Vacuum separaters and feeders are likewise suitable for many
situations, but, once again, they can have a tendency to adhere to
only the outer half of the jacket or voluminous newspapers having
loose collections of other sections therein as described above,
resulting in the same type of feeding problems. Moreover, if thin,
single sheet articles are attempted to be fed at the other extreme,
the vacuum can "bleed through" to the next article above so that
proper separation does not occur and more than one article at a
time is fed.
Other types of machines utilize flat blades or the the like that
are disposed on opposite sides of the lower newspaper in the stack
and are slipped into the newspaper between an accessible set of
pages thereof to thereupon move forwardly and pull against a fold
line at the leading edge of the newspaper whereby to accomplish the
appropriate feeding and separating action. While this arrangement
performs well in most newspaper feeding situations, it is not
suitable for single sheet articles or even multi-page articles
having only a few, superimposed pages. In such latter circumstance,
it is quite difficult to properly adjust the height of the blades
such that they can discriminate between the leaves or pages of one
article and those of the next article thereabove to the end that
misfeeding can and does occur.
Certain card or envelope feeders of the type shown in U.S. Pat.

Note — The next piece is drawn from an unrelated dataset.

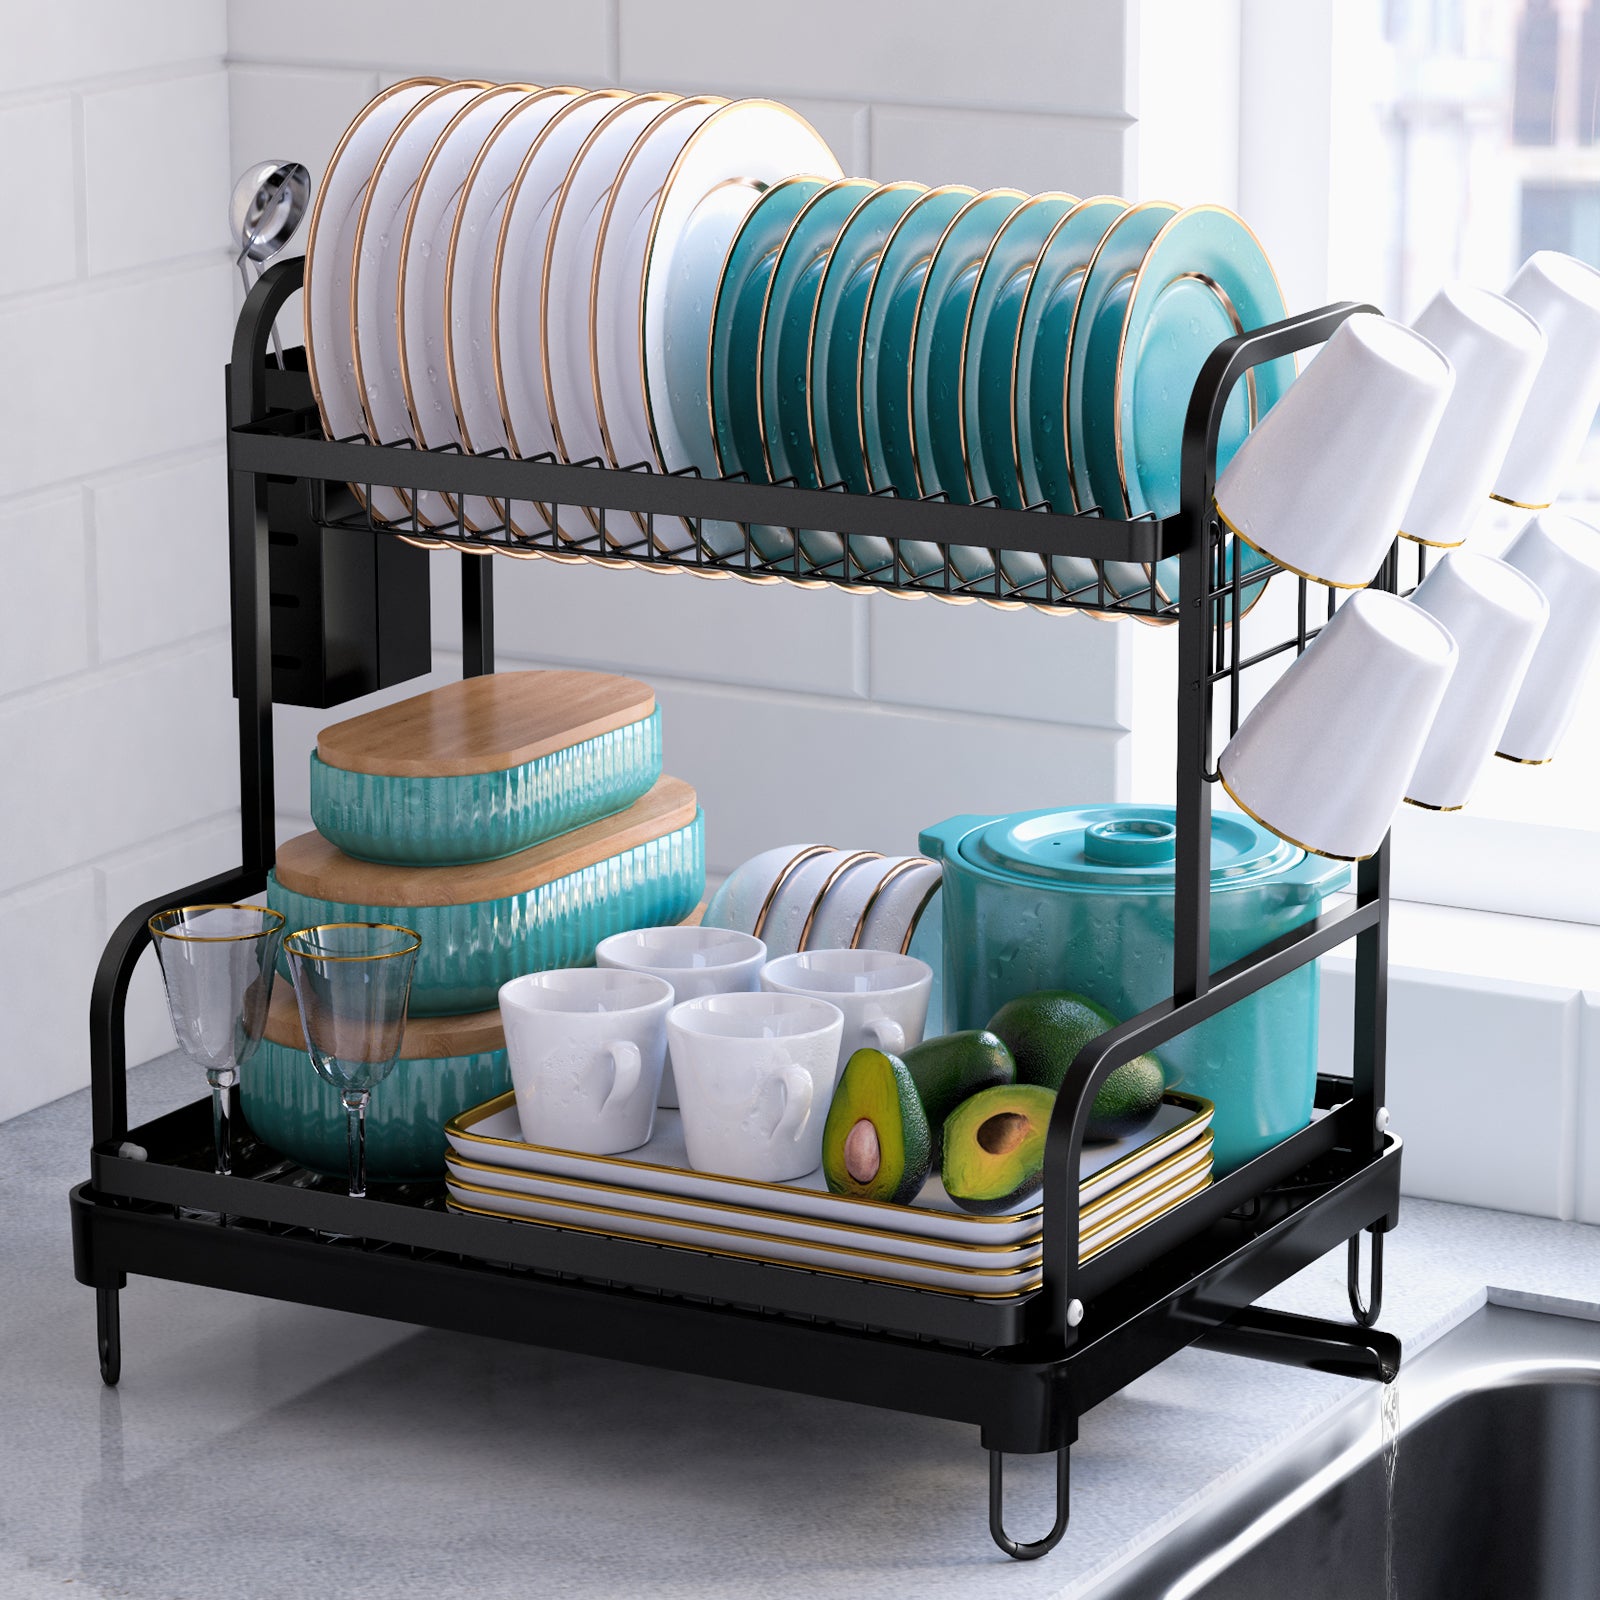 Kitsure Dish Drying Rack, Multifunctional Dish Rack, Rustproof Kitchen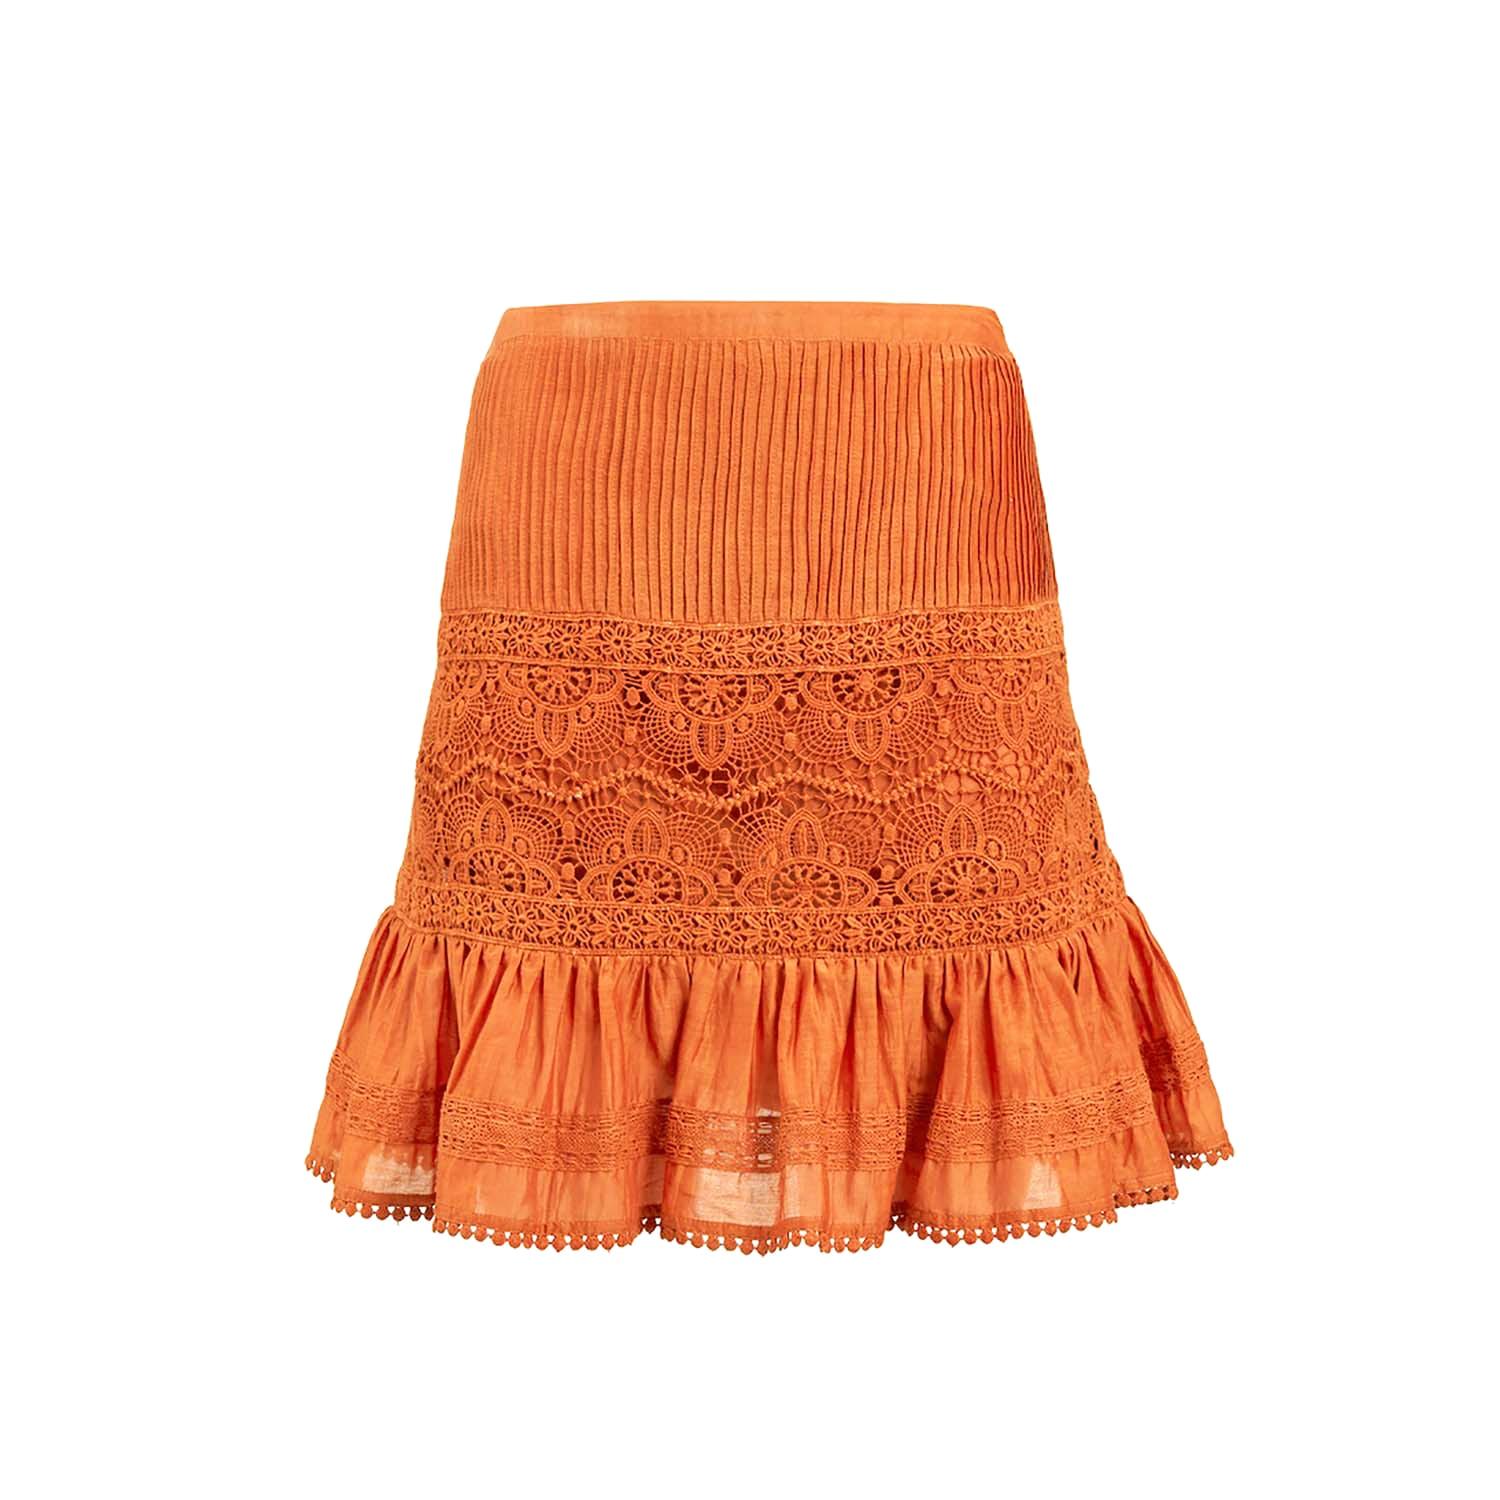 SECRET MISSION La Perla Skirt in Orange

Nos. 3,053,176 and 3,230,871 utilize rotary devices at the bottom
of the stack having peripherally disposed friction pads or the like
which wipe against and feed forwardly the lowermost envelope during
each revolution of the device. This tangential type of point
contact between the pads and the envelopes has not been found to be
satisfactory when attempts are made to utilize this principle in
connection with bulky newspapers.
Another type of envelope feeder sold under the trade designation
"Postalia" by the Tele-Norm Corporation of New York utilizes a
belt-type conveyor at the bottom of the stack, which conveyor has
an upper stretch which is raised and lowered at certain fixed
intervals while driven forwardly, thereby rising against and
forwardly feeding the lowermost envelope before then returning to
its retracted condition at a predetermined instant when the cam
lobes associated with drive pulleys of the conveyor rotate through
the next part of their revolution. While such a belt conveyor type
arrangement coupled with raised pressure engagement by the belt on
the lowermost article provides an effective separation means for
envelopes and single sheet articles, it would not be satisfactory
in connection with the handling and feeding of bulky newspapers
because, among other things, such a preset raising and retraction
cycle would not account for the significant slippage which is
commonplace when friction feeders are utilized to feed bulky
newspapers and the upper papers in the stack weigh heavily upon the
lower paper so as to exert a sizeable retaining force that must be
overcome if proper feeding is to be achieved.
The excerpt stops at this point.